Parmi les recommandations du livre blanc, on retrouve aussi la nécessité de simplifier les procédures pour la conservation de milieux naturels, notamment sur des terres privées — lesquelles occupent d’ailleurs la majeure partie du territoire dans le sud du Québec —, mais également de mieux outiller les municipalités dans leurs efforts de conservation. Cela pourrait se faire, par exemple, en offrant un meilleur encadrement juridique à celles qui souhaitent protéger les milieux naturels, ce que ne permet pas l’actuelle Loi sur l’expropriation. Ainsi, il est proposé que la Loi soit modifiée afin qu’une municipalité qui voudrait faire l’acquisition de milieux naturels par expropriation puisse payer la juste valeur marchande sans avoir à verser en prime un dédommagement pour le profit qu’un promoteur aurait pu y faire. 

L’importance d’une stratégie commune

De plus en plus d’experts de tous les horizons démontrent l’importance de la biodiversité pour maintenir les systèmes économiques en place et pour assurer le bien-être individuel et collectif des sociétés, en plus d’éviter les impacts environnementaux déjà bien connus. Le rapport indépendant dirigé par l’économiste Sir Partha Dasgupta, The Economics of Biodiversity : The Dasgupta Review, réalisé à la demande du ministère des Finances britannique et publié en février 2021, étudie de façon détaillée cette interrelation. Il arrive également à la conclusion que des changements structurels majeurs doivent s’opérer, à tous les niveaux et par tous les acteurs, si l’on veut parvenir à freiner le déclin de la biodiversité.
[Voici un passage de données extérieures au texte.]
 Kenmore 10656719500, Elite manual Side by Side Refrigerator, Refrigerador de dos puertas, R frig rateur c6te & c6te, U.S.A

Bien que l’on observe une certaine progression de l’importance accordée aux enjeux climatiques et de la biodiversité dans les prises de décisions des pouvoirs politiques et du secteur des affaires, c’est d’une stratégie commune et réfléchie que nous devons nous doter. Une stratégie qui permet d’intégrer la protection de la biodiversité au cœur du développement économique du Québec, et à laquelle doit se rattacher un financement assurant sa mise en œuvre. Par exemple, en augmentant les sommes consacrées à la conservation, la protection, la restauration et l’aménagement de la biodiversité au ministère de l’Environnement et de la Lutte contre les changements climatiques et dans les autres ministères concernés ; en bonifiant le Fonds des municipalités pour la biodiversité ; ou encore en mettant en place des mécanismes qui permettraient aux municipalités de varier leurs sources de revenus pour compenser les pertes en impôts fonciers. 

Le Plan pour une économie verte (PEV), présenté par Québec à l’automne 2020, est assorti d’une enveloppe de 6,7 milliards de dollars sur cinq ans pour la réalisation d’un plan d’électrification et de lutte contre les changements climatiques. Le Québec devrait en faire autant pour assurer le maintien de la biodiversité. 
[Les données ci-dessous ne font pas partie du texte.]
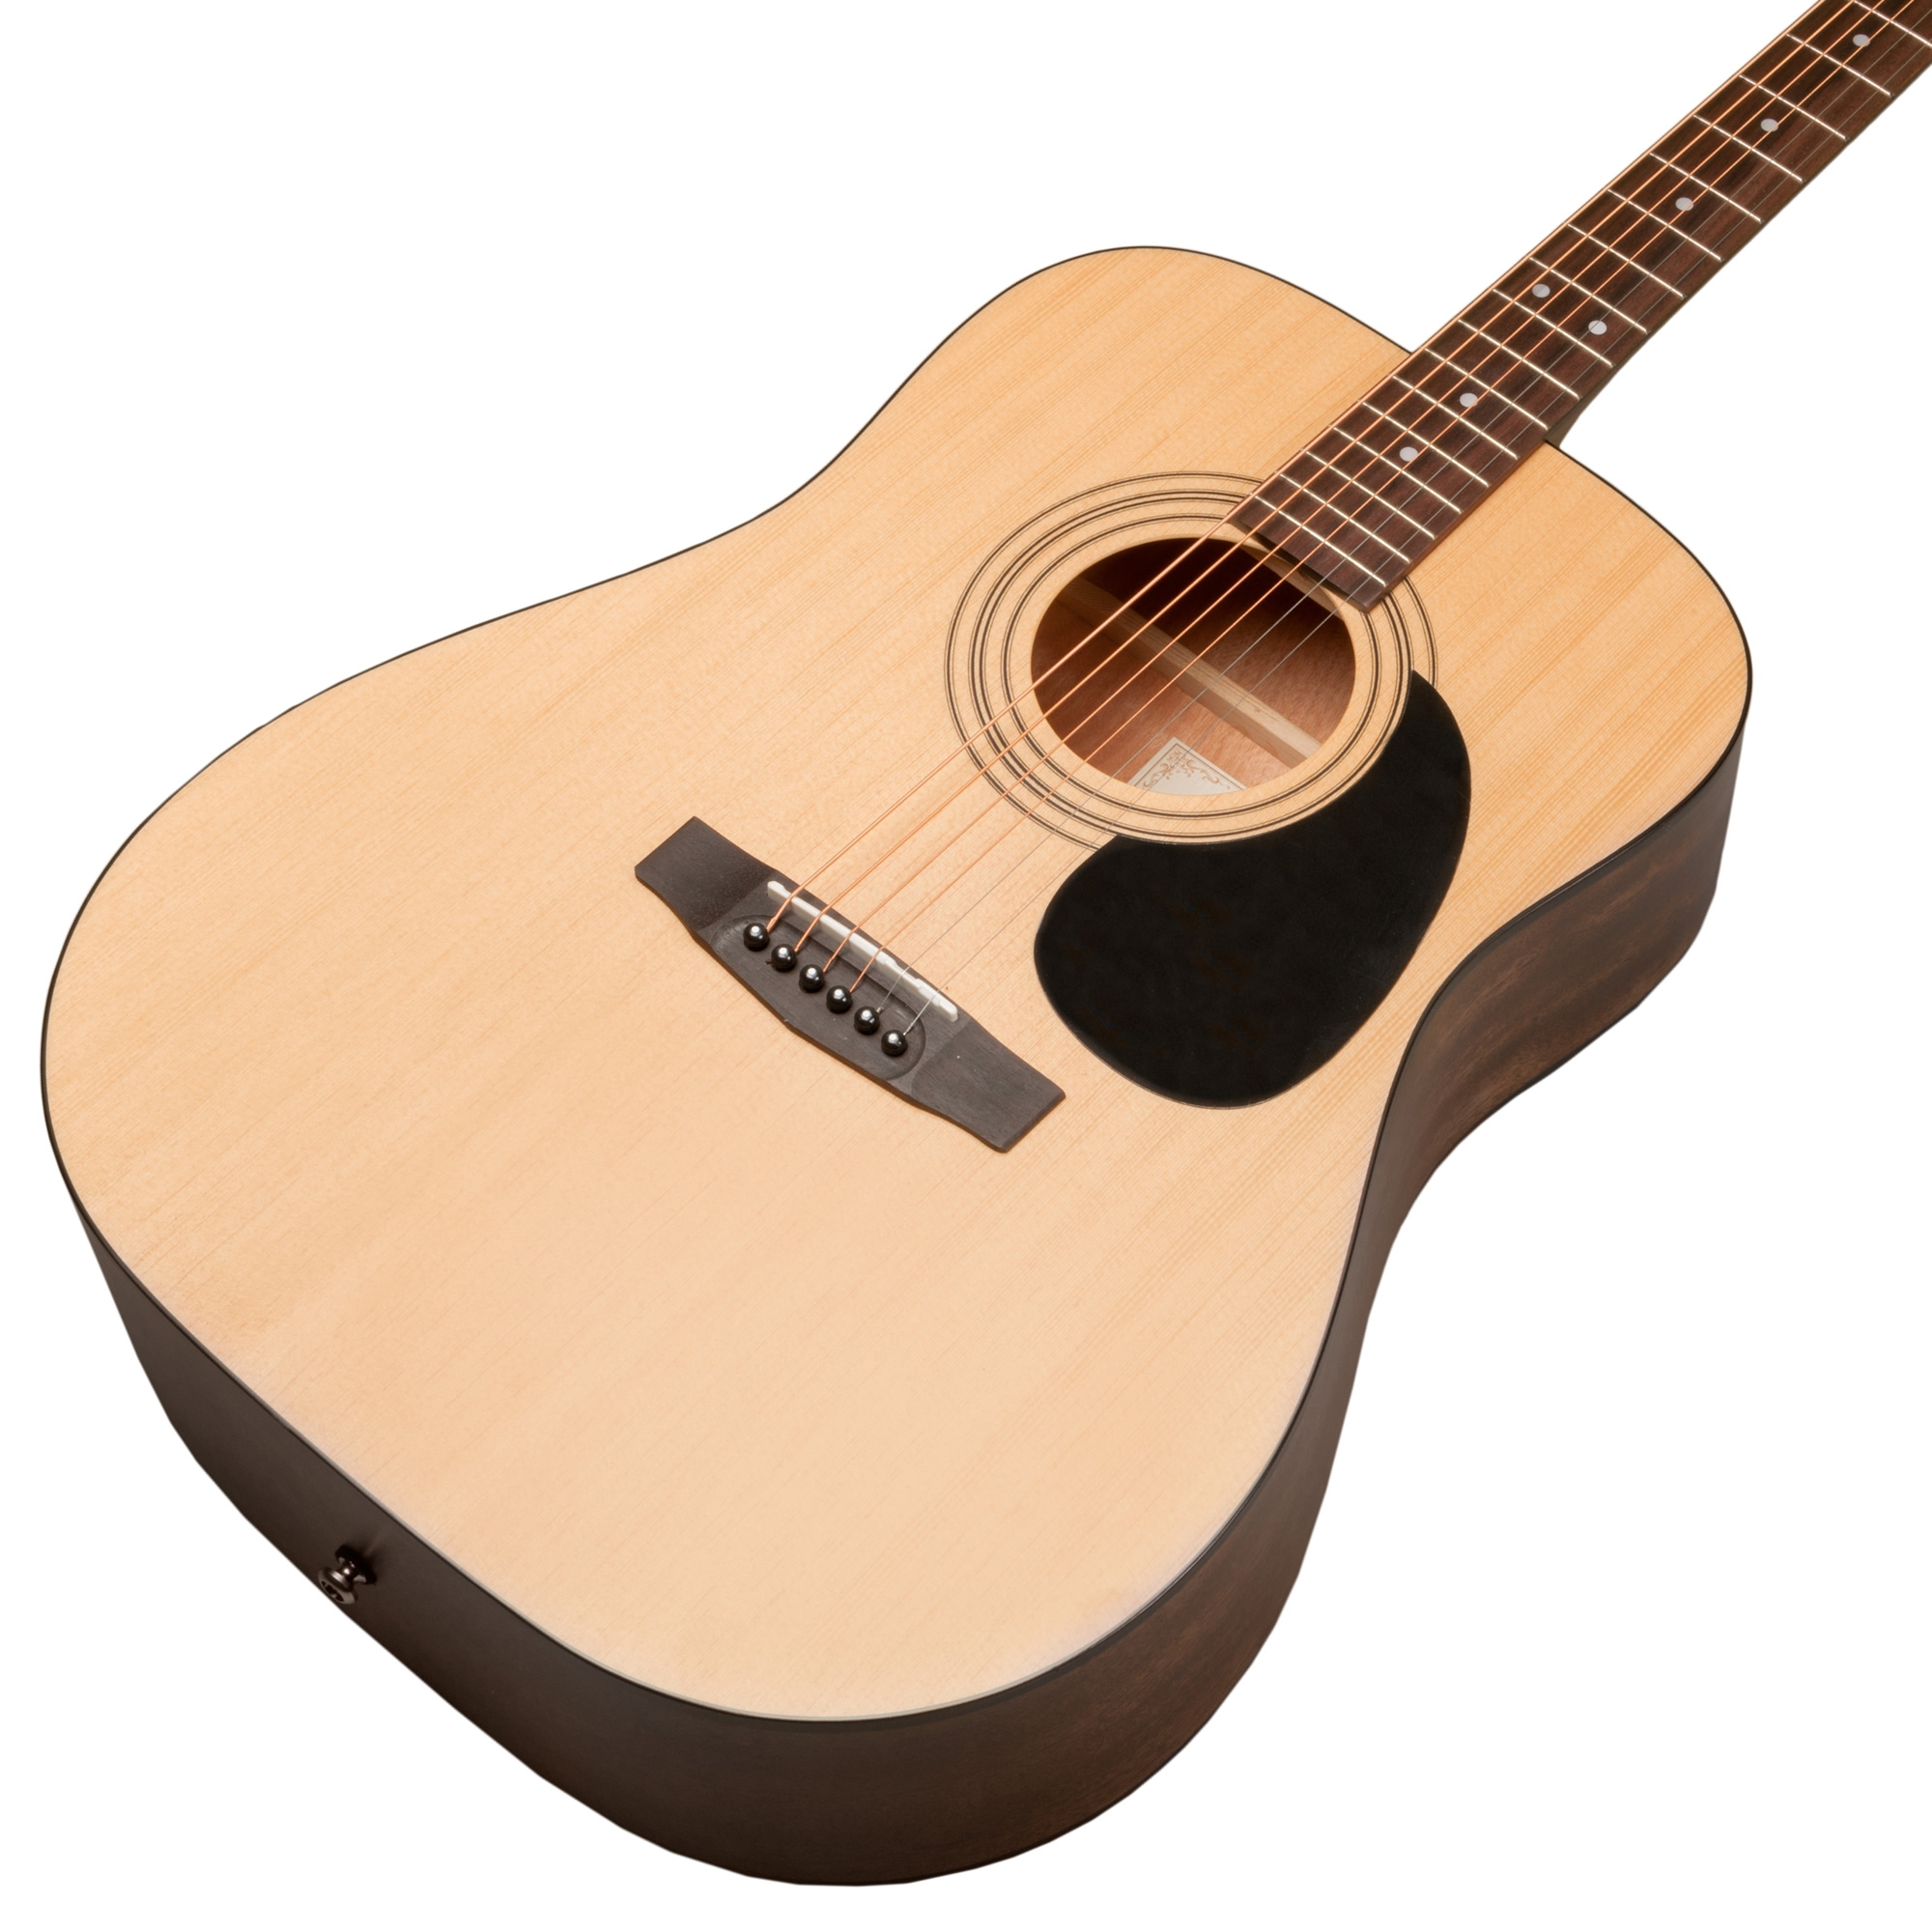 Limited Series アコースティックギター Y2

Les recommandations pour la protection de la biodiversité et les actions à entreprendre pour y parvenir sont connues, il est maintenant temps de les mettre en œuvre. Dotons-nous d’un véritable plan d’action incluant des objectifs, des cibles intermédiaires, des programmes et des gestes concrets, allouons-leur les budgets requis et établissons des mécanismes de suivi et de révision des objectifs. Parce que 2030, c’est demain matin.